Material provided Block Start

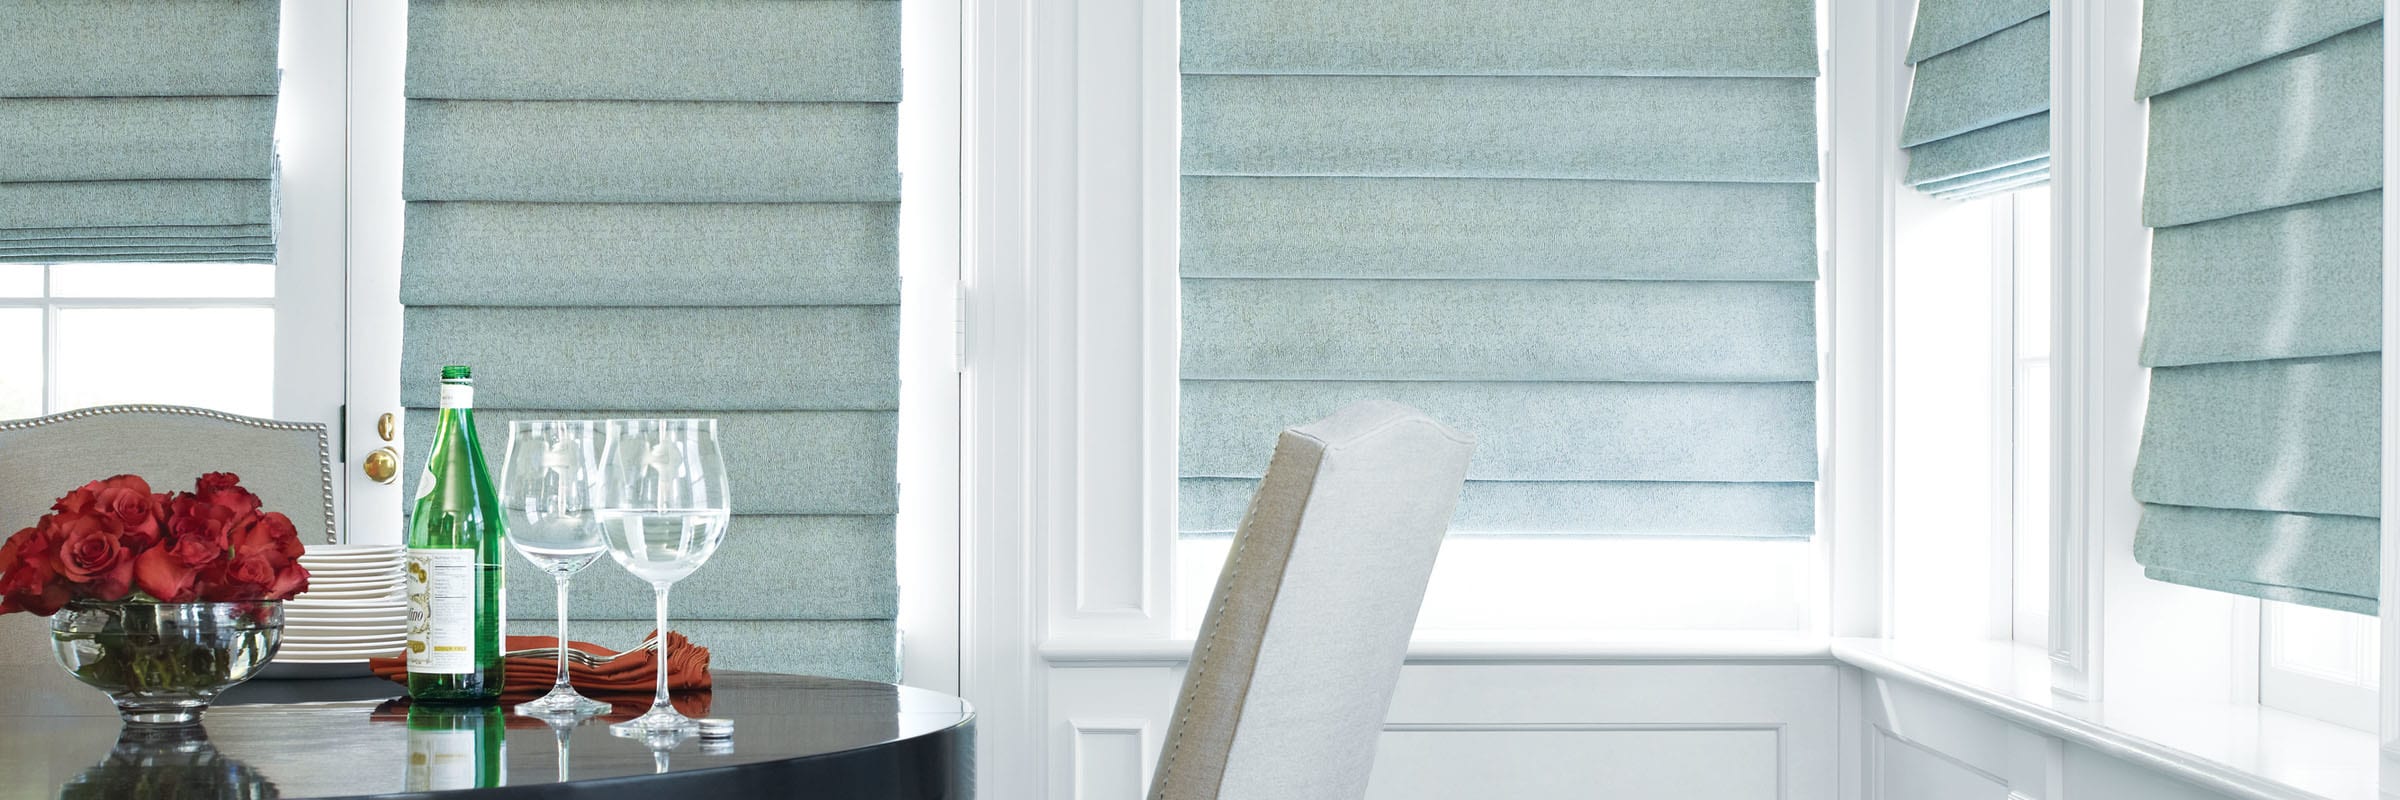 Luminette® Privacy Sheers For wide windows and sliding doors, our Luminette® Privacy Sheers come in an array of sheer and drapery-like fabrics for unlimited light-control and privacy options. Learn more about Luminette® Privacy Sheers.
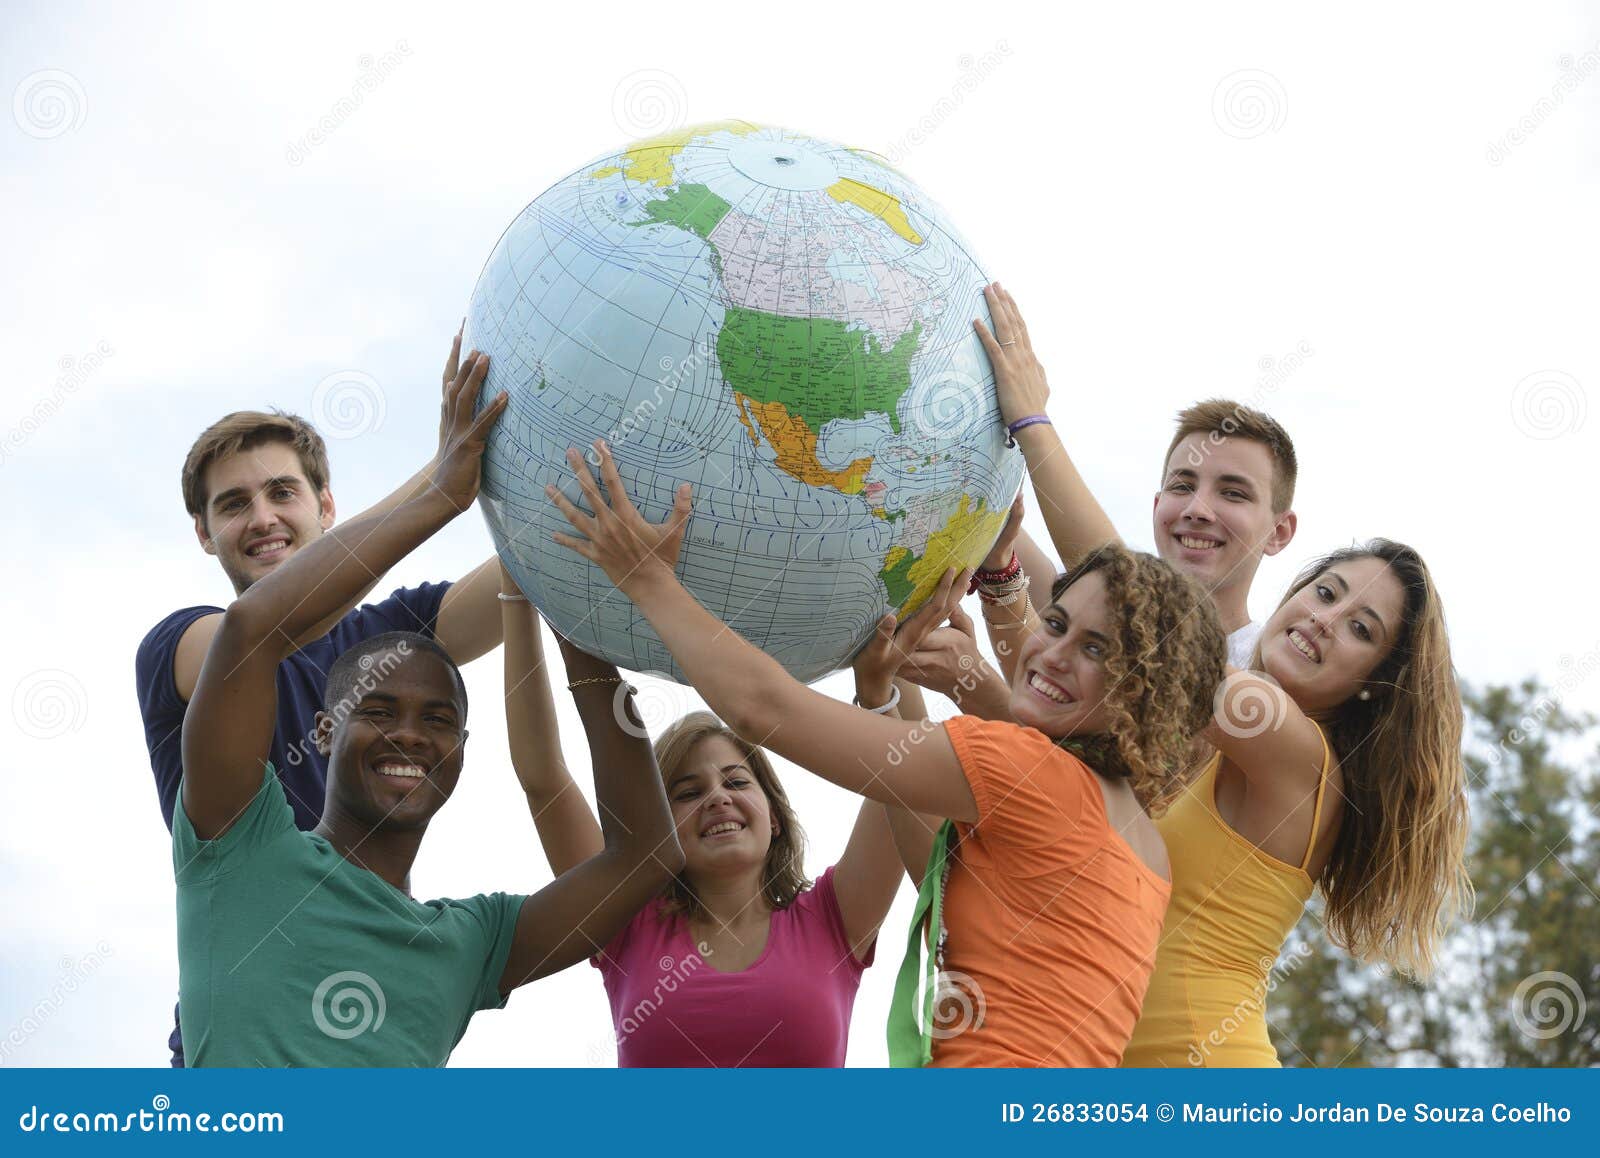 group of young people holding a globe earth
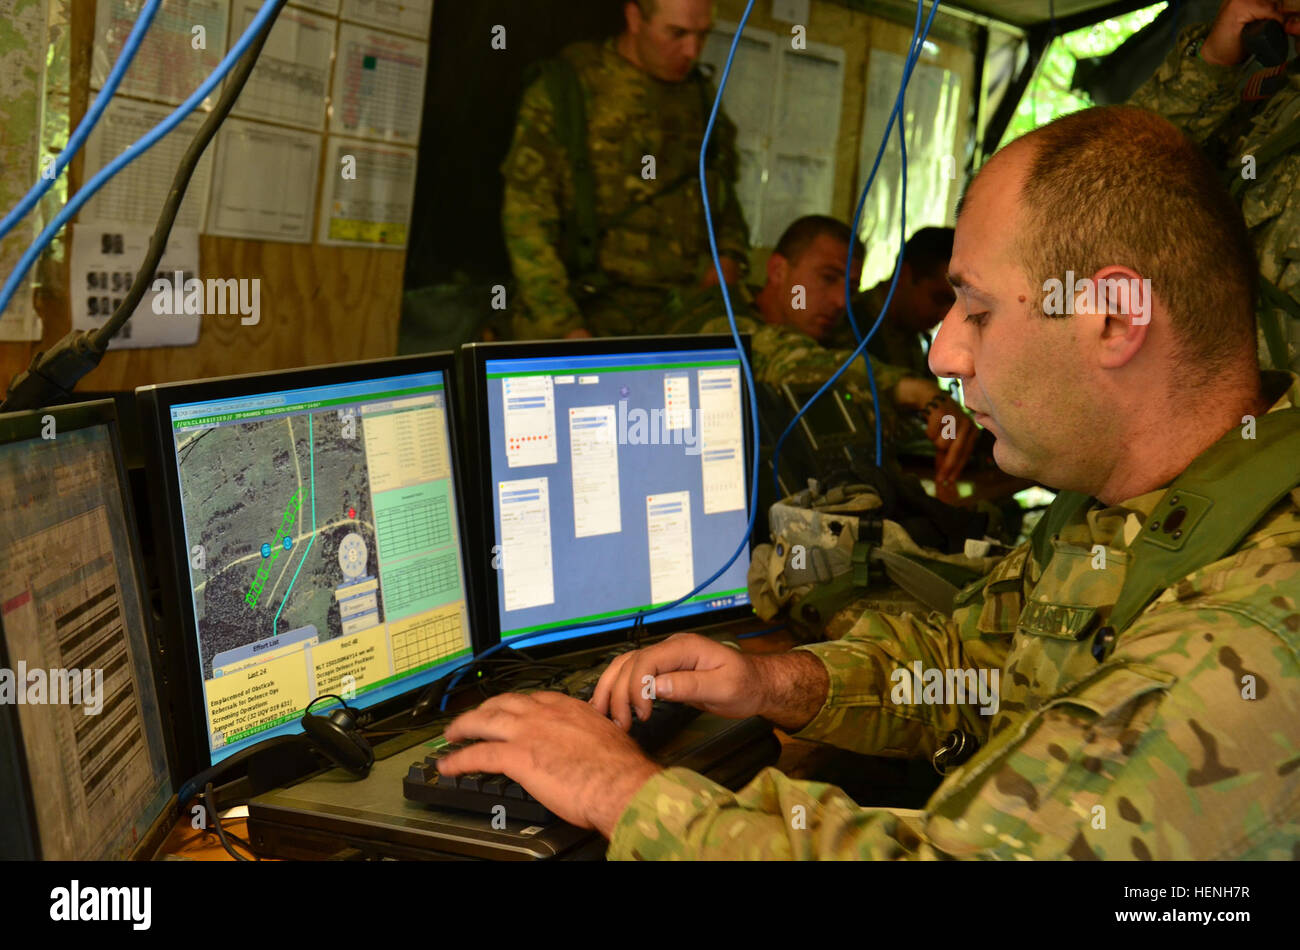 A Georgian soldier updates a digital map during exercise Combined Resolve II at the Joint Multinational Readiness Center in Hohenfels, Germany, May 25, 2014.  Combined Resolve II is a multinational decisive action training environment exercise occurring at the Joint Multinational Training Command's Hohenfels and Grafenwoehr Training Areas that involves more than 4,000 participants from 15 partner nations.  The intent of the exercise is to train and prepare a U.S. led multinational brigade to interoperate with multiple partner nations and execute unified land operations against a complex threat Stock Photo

Material provided Block End

• Exercise requirements:
Set down the material exactly as given, but print none of the pictures.

• Answer box:
 Luminette® Privacy Sheers For wide windows and sliding doors, our Luminette® Privacy Sheers come in an array of sheer and drapery-like fabrics for unlimited light-control and privacy options. Learn more about Luminette® Privacy Sheers.
 group of young people holding a globe earth
 A Georgian soldier updates a digital map during exercise Combined Resolve II at the Joint Multinational Readiness Center in Hohenfels, Germany, May 25, 2014.  Combined Resolve II is a multinational decisive action training environment exercise occurring at the Joint Multinational Training Command's Hohenfels and Grafenwoehr Training Areas that involves more than 4,000 participants from 15 partner nations.  The intent of the exercise is to train and prepare a U.S. led multinational brigade to interoperate with multiple partner nations and execute unified land operations against a complex threat Stock Photo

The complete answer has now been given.